The ODC has admitted that he’s ready to come out of the closet – to shed the light of day on his personality sexually.

“I thought I had to live a certain way. I kept telling myself the sky was red, but I always knew it was blue. I am and have always been a practicing heterosexual.”

A courageous step, but once out there – in manner of speaking – for public discussion, it seems fair to raise questions.

“How about those flamboyant attention grabbing shirts that cried out, “Look at me?” Then there’s the died yellow hair – what’s left of it – and the Mickey Mouse watches to say nothing of his collection of Barry Manilow CD’s…

He’s just being him.

“It’s not be easy considering the political climate in the world.”

“I know that this is an unusual time to make such a declaration but I want to be maybe the first to “come out” publicly. I’ll suffer slings and arrows but one has to stand on principle. To be honest to ones-self. Maybe I’ll pave the way for others to emerge into the light of day. While I don’t practice my sexuality as much as I did or would like my commitment is solid. Yes I am open to endorsement deals and speaking engagements at youth groups.”

With his new found freedom the ODC answered the following Dart Darling request on Facebook…

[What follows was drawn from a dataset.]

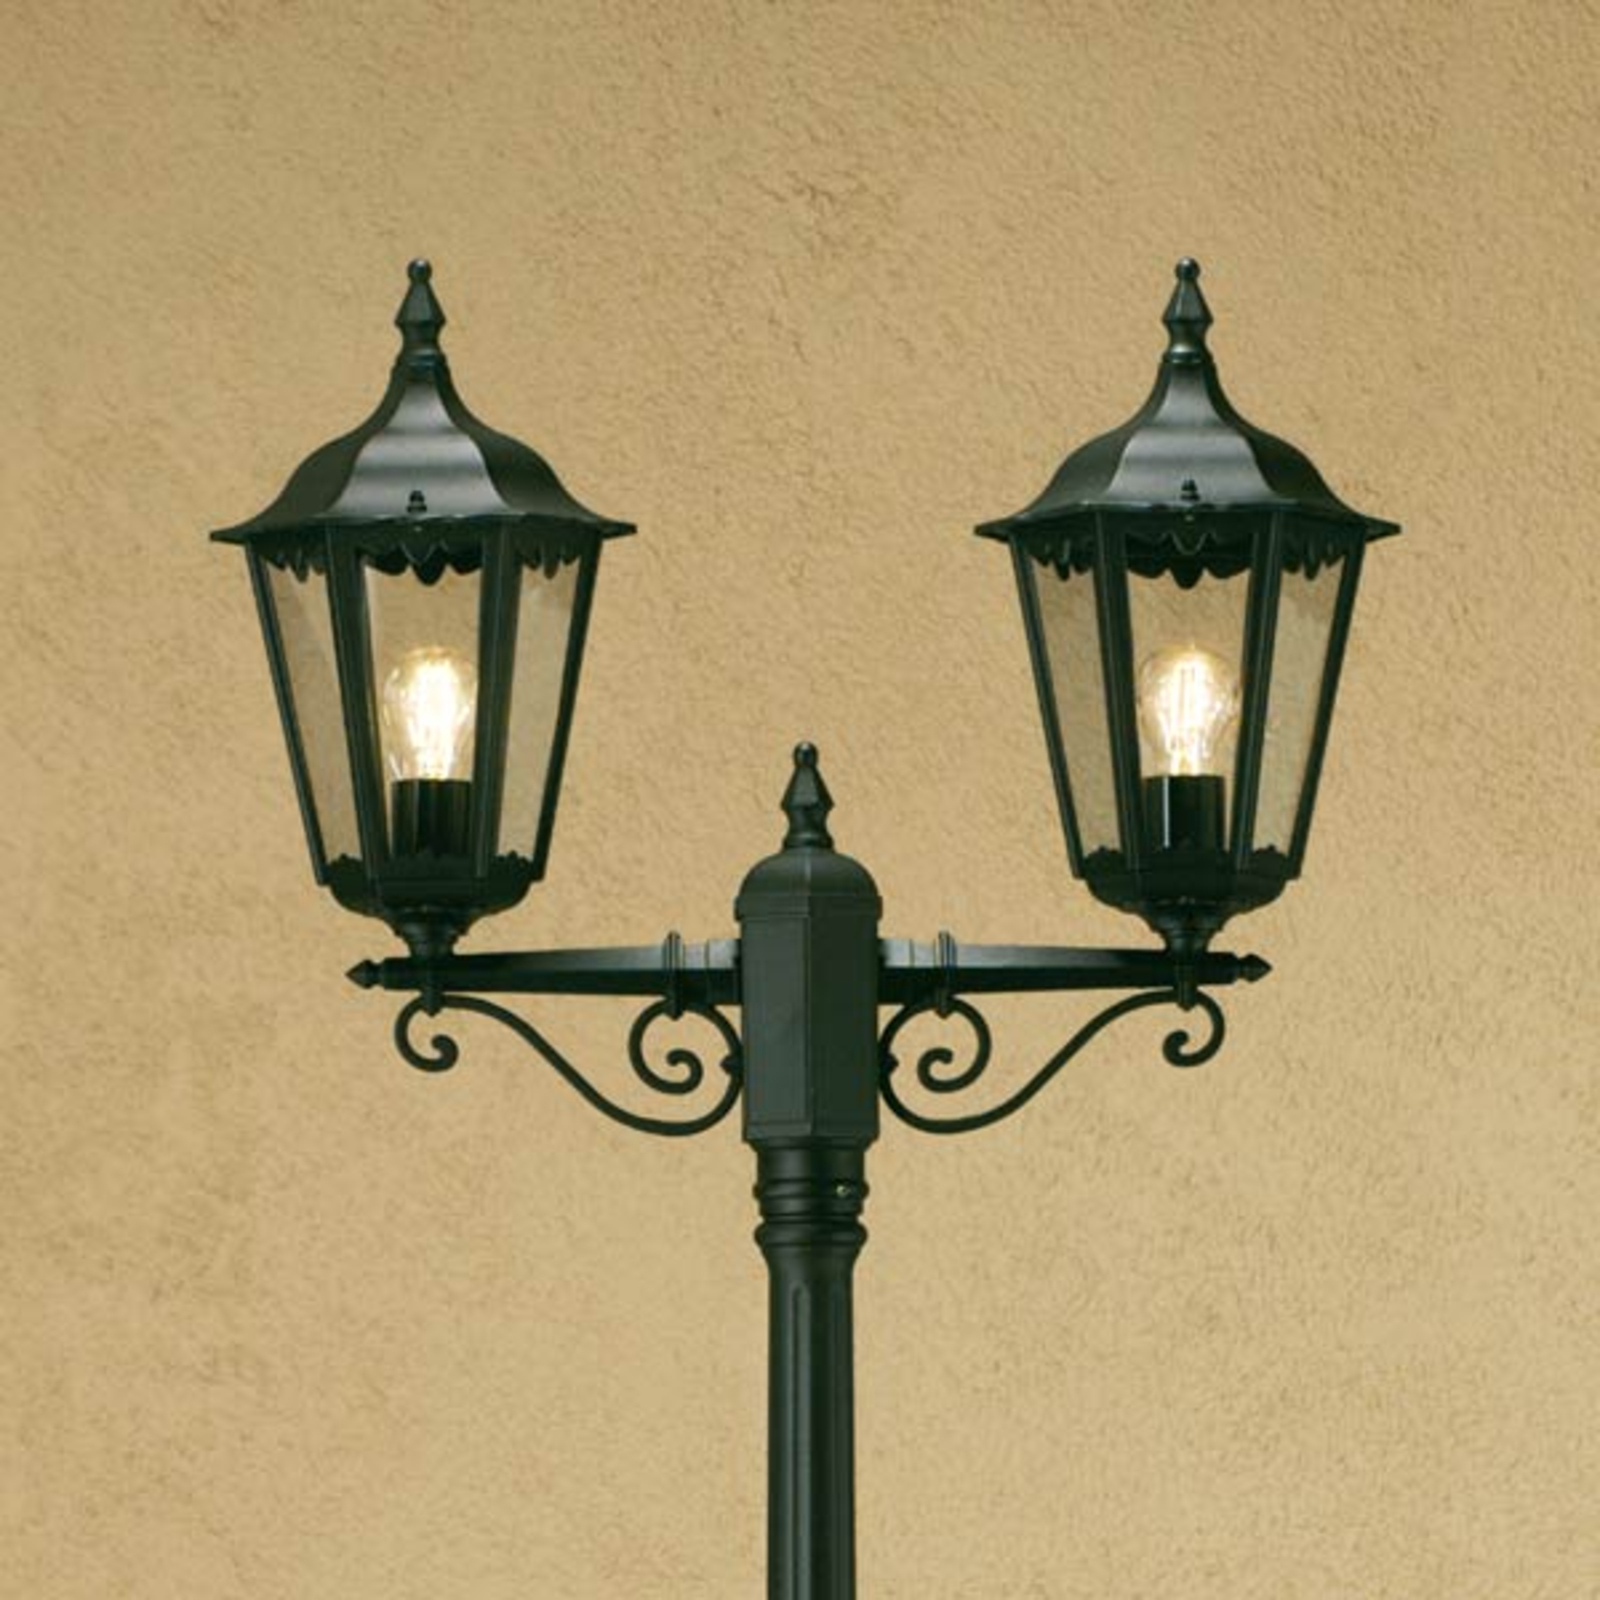 Firenze lamp post, 2-bulb, green

“I’m tired of having a ‘job’ and having to go to ‘work’ and pay the ‘bills’ – am now accepting applications for a Sugar Daddy.”

The ODC answered. “I’m old enough to be a Daddy. I’m sweet enough to be sugar. Do I need money? ”

So far no answer.

The ODC’s waits for opportunity to knock on his door.

If it does he’ll probably answer the phone.

Stay thirsty my friends.


  • Howie Reed

    Astute, often controversial, and always humorous, the Old Dart Coach, Howie Reed (a former rodeo cowboy and advertising executive), is heralded as the Dean of Darts Chroniclers - the most prolific and widely followed writer ever about our sport. He goes back decades with the legends and knows where the skeletons are buried (just ask any of the ADO and WDF old-timers!). Here are four well-known facts about the Old Dart Coach: 1) he is a Republican, 2) he loves the ladies, 3) he can drink most anybody under the table, and 4) he throws darts as bad as Dartoid.